Open Dreamsorcerer opened 1 year ago
@bitprophet Not sure what you pushed, but seems to have added a bunch of unrelated changes to the diff.
I should still have the original branch, if you just want me to force push it back?
@bitprophet ?
Yea looks like the typing updates made github lose its mind. if you can rebase and force-push that'd probably be ideal - you'll probably want to make sure you copy over any type hints from main
to your branch's diff, if there even are any.
From skimming what looks like the two commits actually relevant: my off the cuff thoughts:
stdin_is_bytes=True
or maybe decode_stdin=False
Ah, it looks like I made the changes through Github, not locally. I'll try cherry picking to a new branch.

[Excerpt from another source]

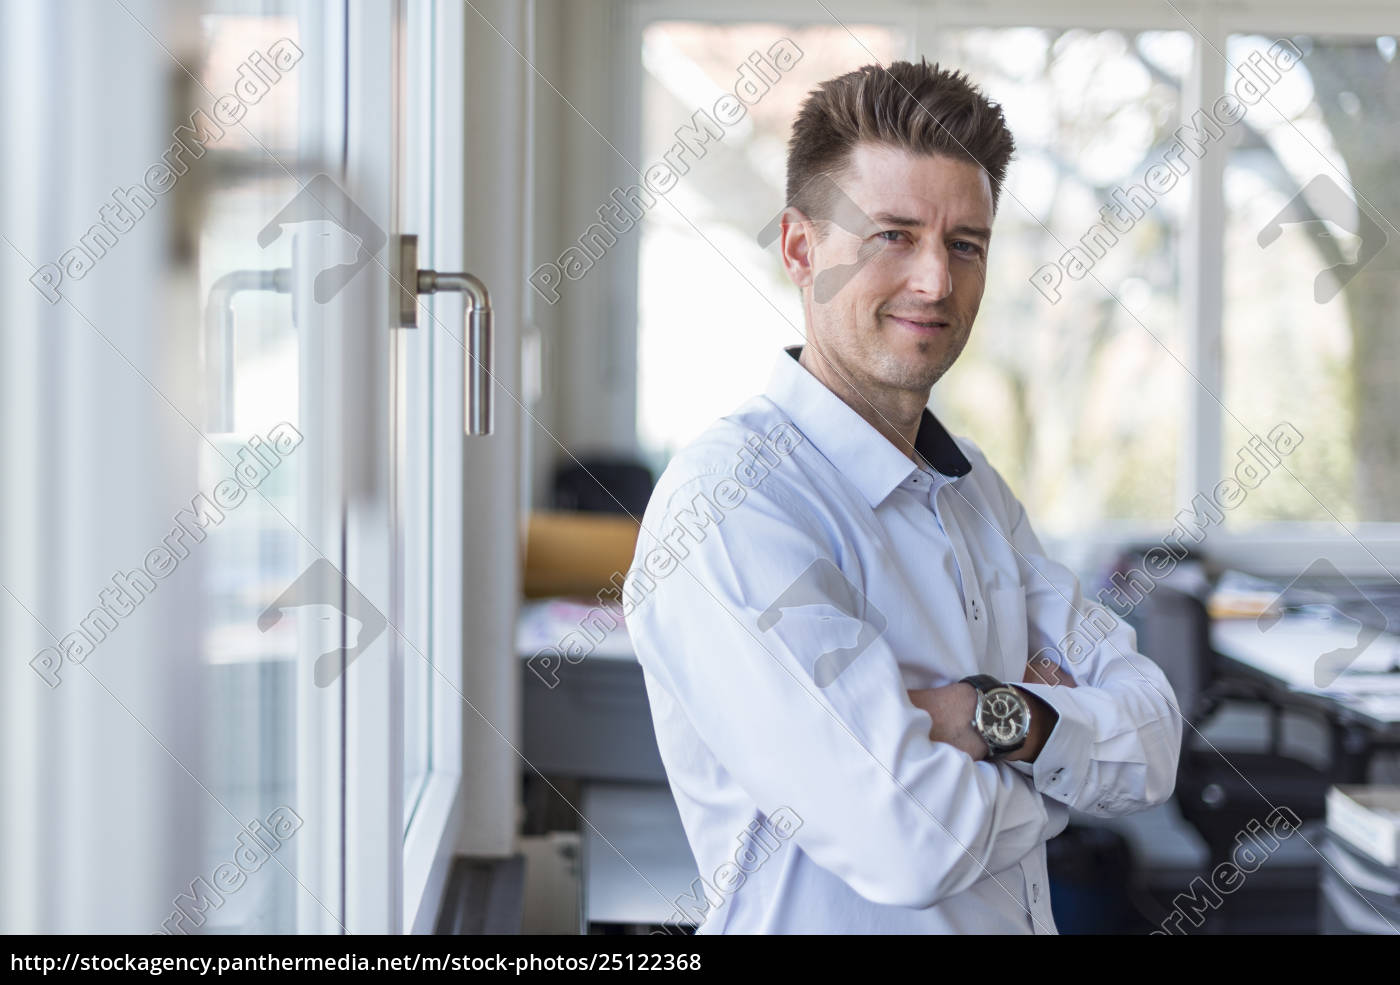 portrait, of, a, successful, businessman, standing - 25122368

* however I'm wondering if there's anything cleaner/smarter we can do within the "number of bytes to read" helper instead (per your original 'fix' for this elsewhere)

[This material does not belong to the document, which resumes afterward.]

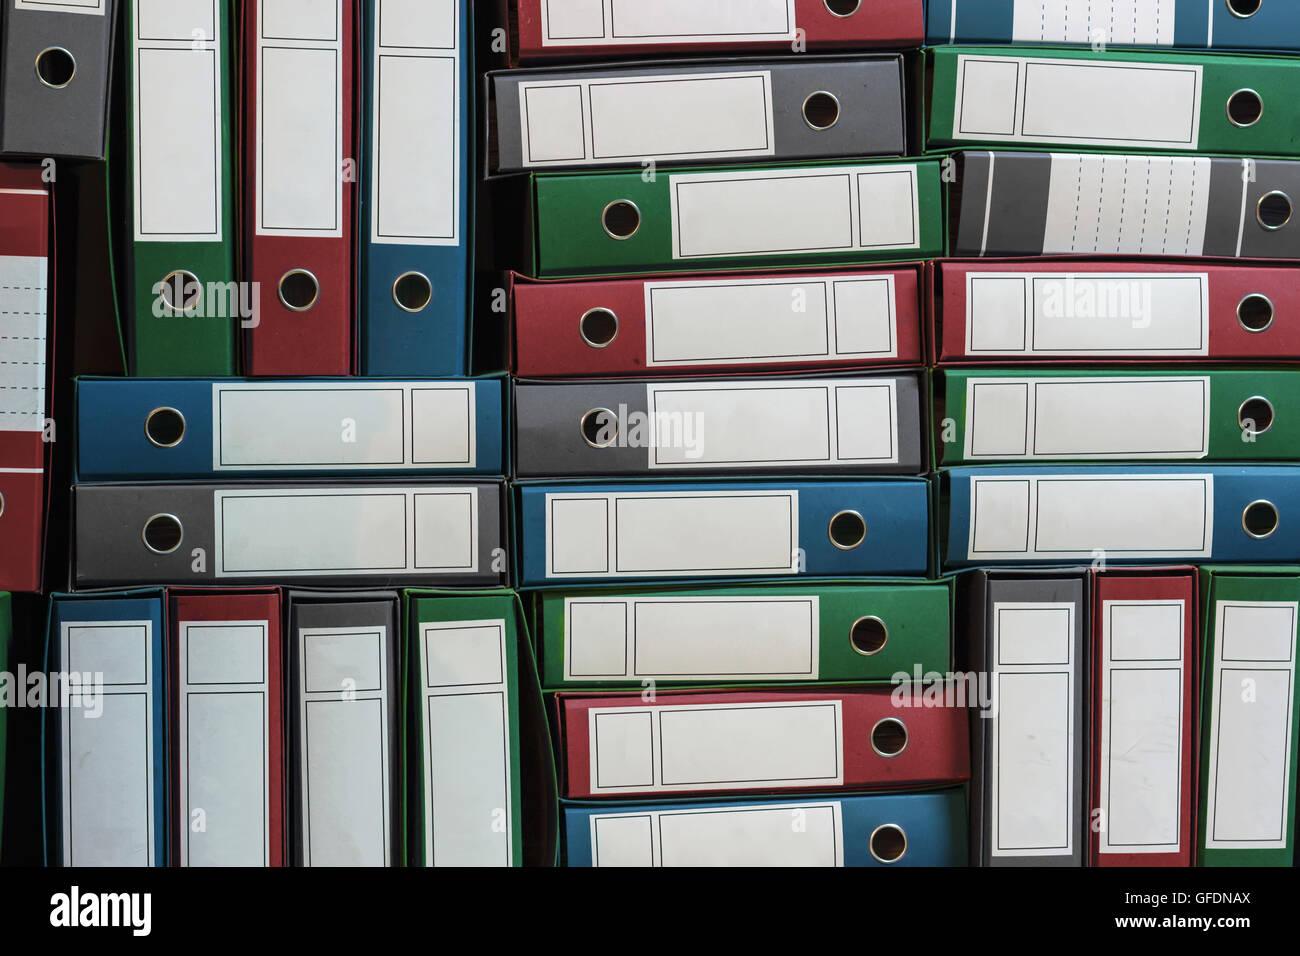 Binders Archive, Ring Binders, Bureaucracy, bookkeeping - Stock Image

That's a different issue, so not sure that function has anything to do with this one.
* or, since the "it's binary, please do not do any edge encoding/decoding" approach is arguably more correct, is there anything smarter we can do to autodetect? * are there approaches other tools use when handling unknown stdin? * eg "attempt to decode some reasonable first few bytes as if it was $configured_encoding, and if this fails, fallback to assuming binary"?

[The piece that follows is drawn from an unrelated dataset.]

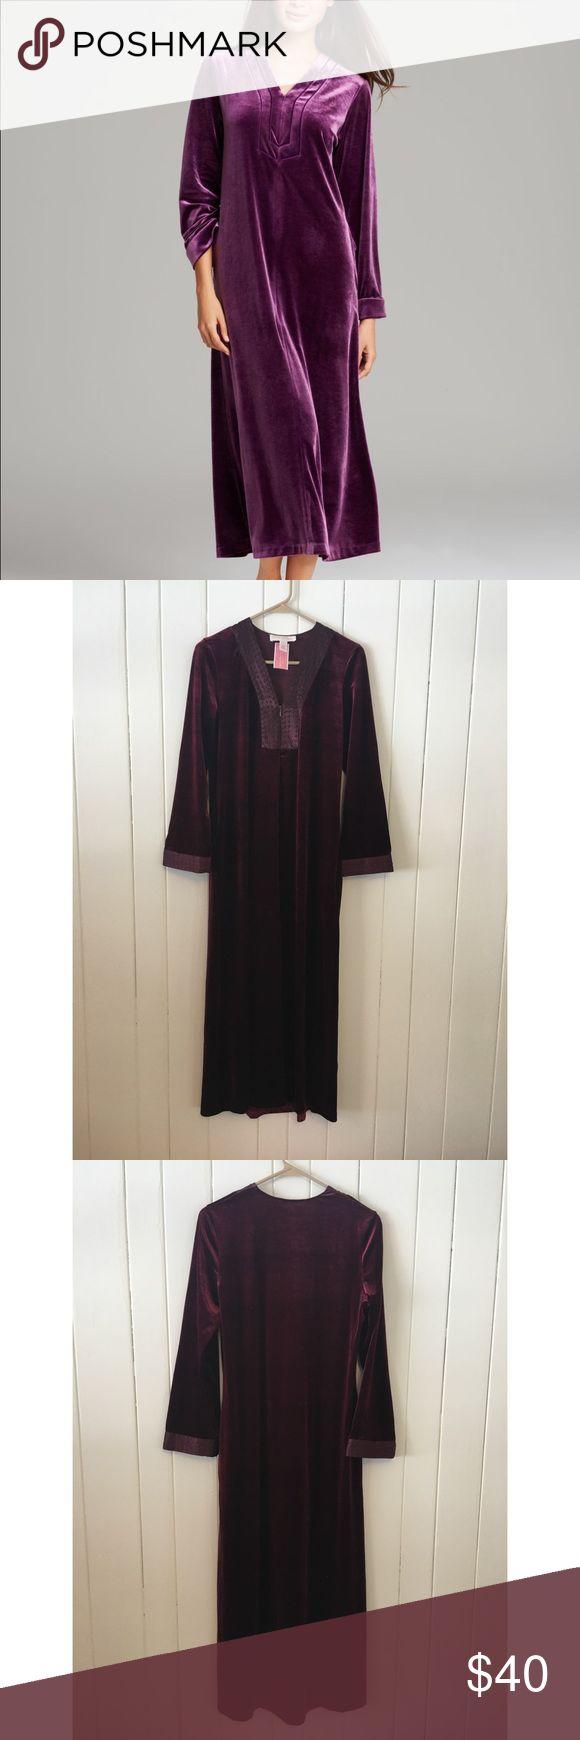 Oscar De La Renta Velvet Zahara Nights Nightgown NWT Oscar De La Renta Pink Label velvet nightgown dress. Size small. Oscar de la Renta Dresses Maxi

To be honest, I never fully understood the reason for decoding to a str and back again. So, you'll probably just have to make a decision on this one.
The only related thing I can think of is charset-normalizer, which can guess the encoding used. I'm still not sure I'd use it to try and detect if something is binary or not though. It's always going to be an estimate, so you'll likely still have edge cases that cause problems on occasion.
Let me know if you want to continue this way, and I'll sort out the typing. It'll be a little tricky now, as the data being passed around is str | bytes
and we're detecting it based on an option, rather than an isinstance() check.
Fixes #818.